A Note from Kylie Foley, IEI’s Rural Faith Communities Program Manager

I never cease learning from John Parker. From the beginning of IEI’s work with faith communities, he’s been our “consultant on the ground” in the title but so much more in spirit. As we prepare to welcome 60 faith leaders through The Duke Endowment to our ReCONNECT To Economic Opportunity Forum, I’m called out of the fog of statistics and catering menus. Faith leaders have been telling us what they care about: the journey. A spiritual journey, a justice journey, the journey of humanity. A lot of that intersects with how people work and take care of their families, but the themes John ponders below are why we do what we do: to listen and absorb rural faith leaders’ stories and ideas around us. Thank you John!

 

Observations from John Dempsey Parker

John Dempsey Parker

There seems to be a convergence of practices that are showing up in our work of engaging faith communities as anchor institutions in their communities. Having conversations about hard things, the ripple effects of systematic racism and poverty, and committing to move forward together, to strengthen our beloved communities and our democracy, are constant themes. Whether it’s a missional network of clergy in rural Stanley County, a multicultural ecumenical network in Montgomery County, or a collection of faith leaders of all kinds pilgrimaging to Greensboro’s Civil Rights Museum and visiting with the Beloved Community Center, it’s heartening, faithful, and fruitful. It’s critically important work in these times. 
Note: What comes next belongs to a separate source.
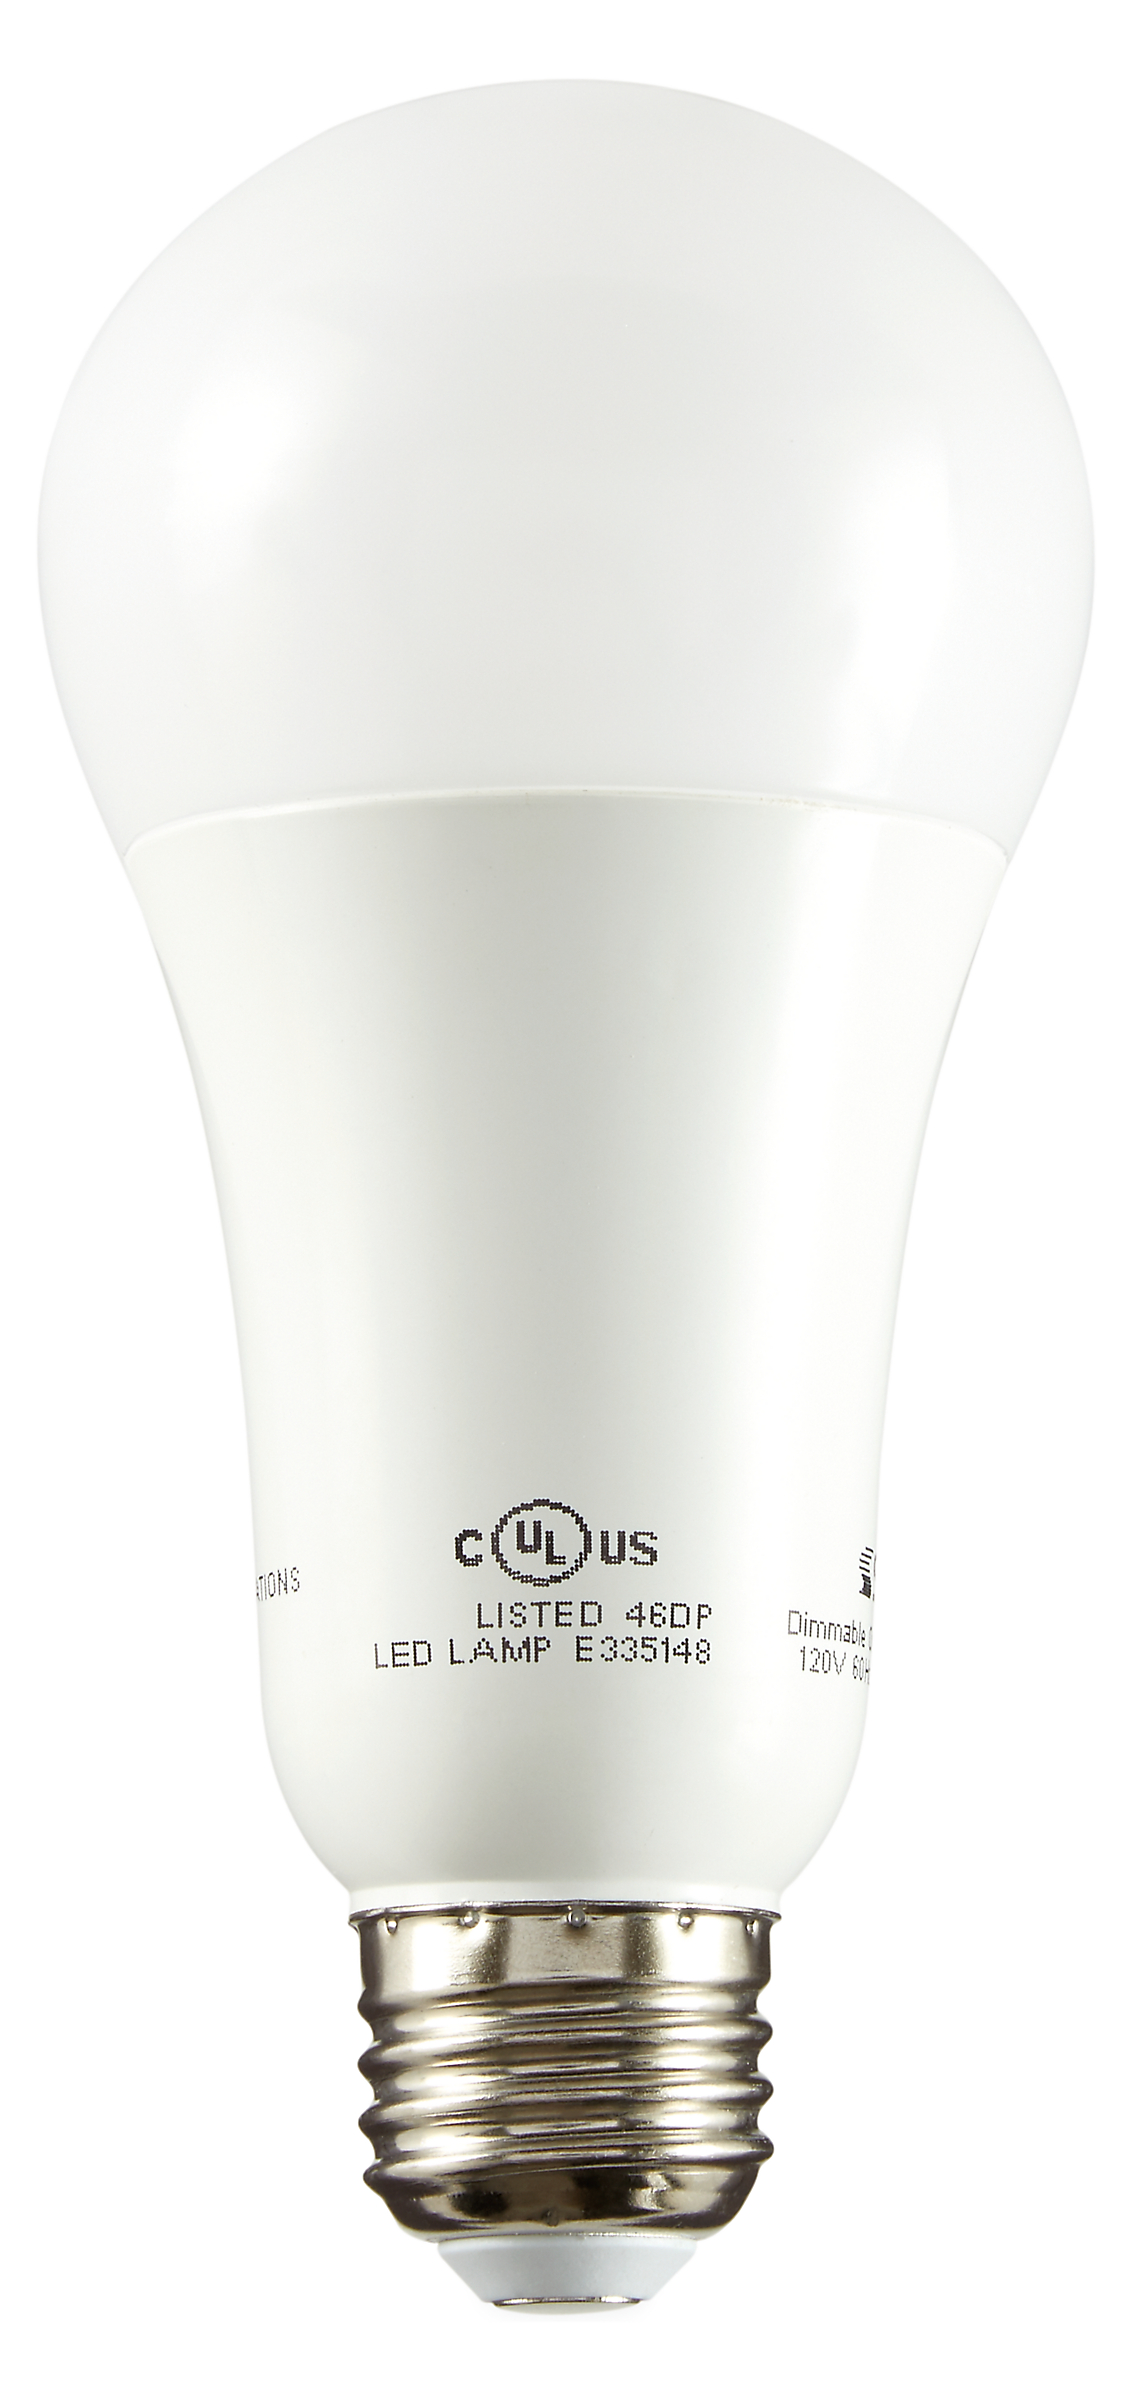 LED Dimmable Light Bulb, 100w Comparable
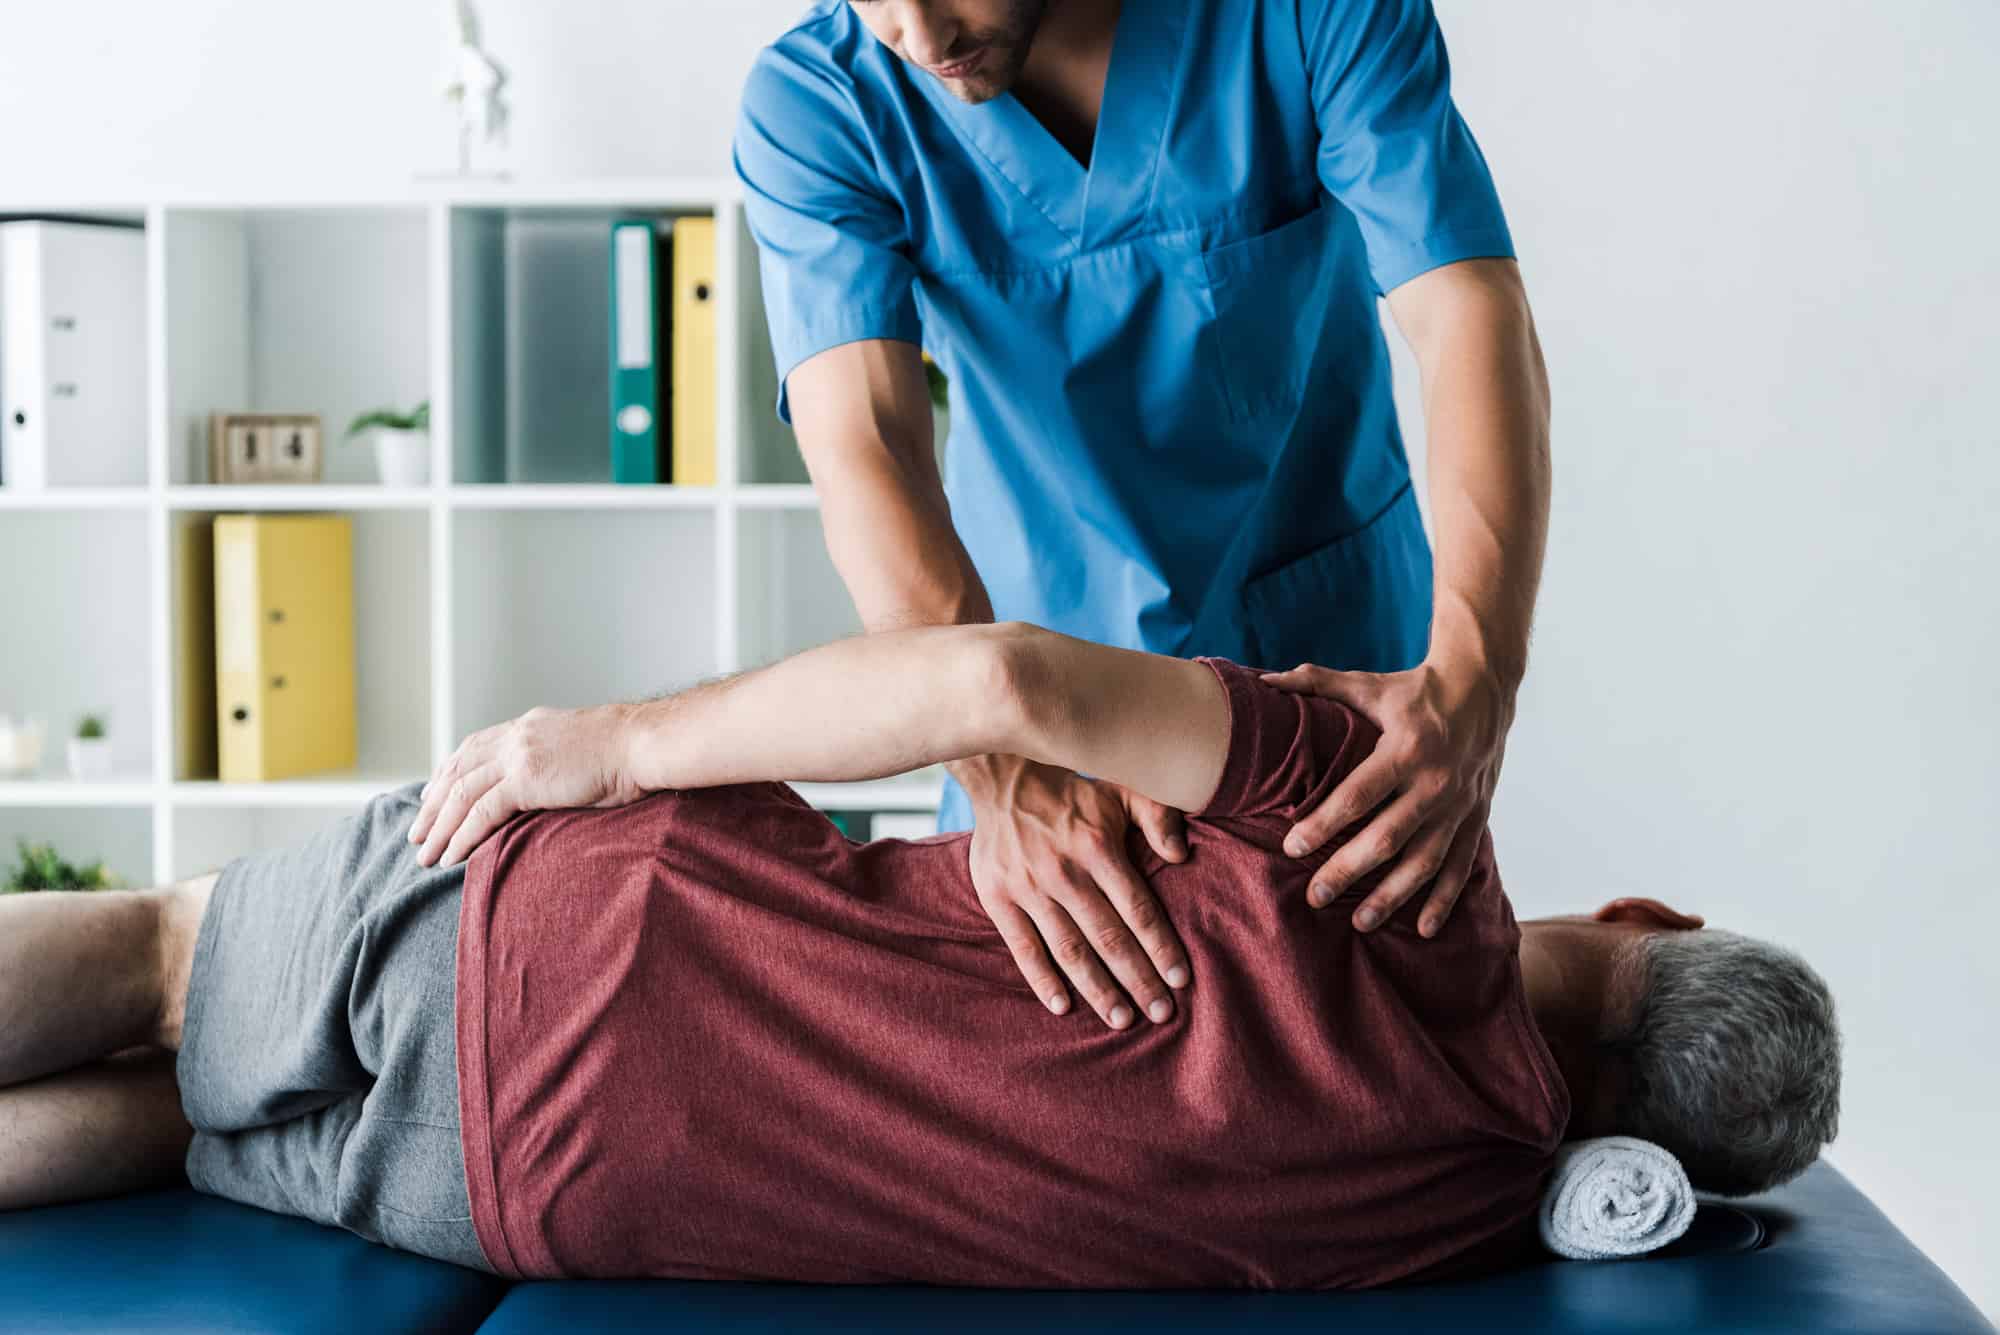 Chiropractic Helps Lower Surgeries, Days in Hospital, and Drug Costs

One such gathering I was invited to participate in was a retreat of United Methodist leaders from Eastern NC who were retreating at Camp Rockfish for 3 days to be and strategize with their colleagues from the African Methodist Episcopal Zion denomination.  Dr. Elaine Heath and her team with the Neighborhood Seminary and Dr. Margaret Brunson community consultant focusing on racial equity and leadership shared their perspectives and lessons learned. My job was to listen and share observations and ideas to hopefully help the ecumenical gathering move forward in stronger partnership and friendship. Our team at IEI has been asked to help plan the next gathering for these faith leaders.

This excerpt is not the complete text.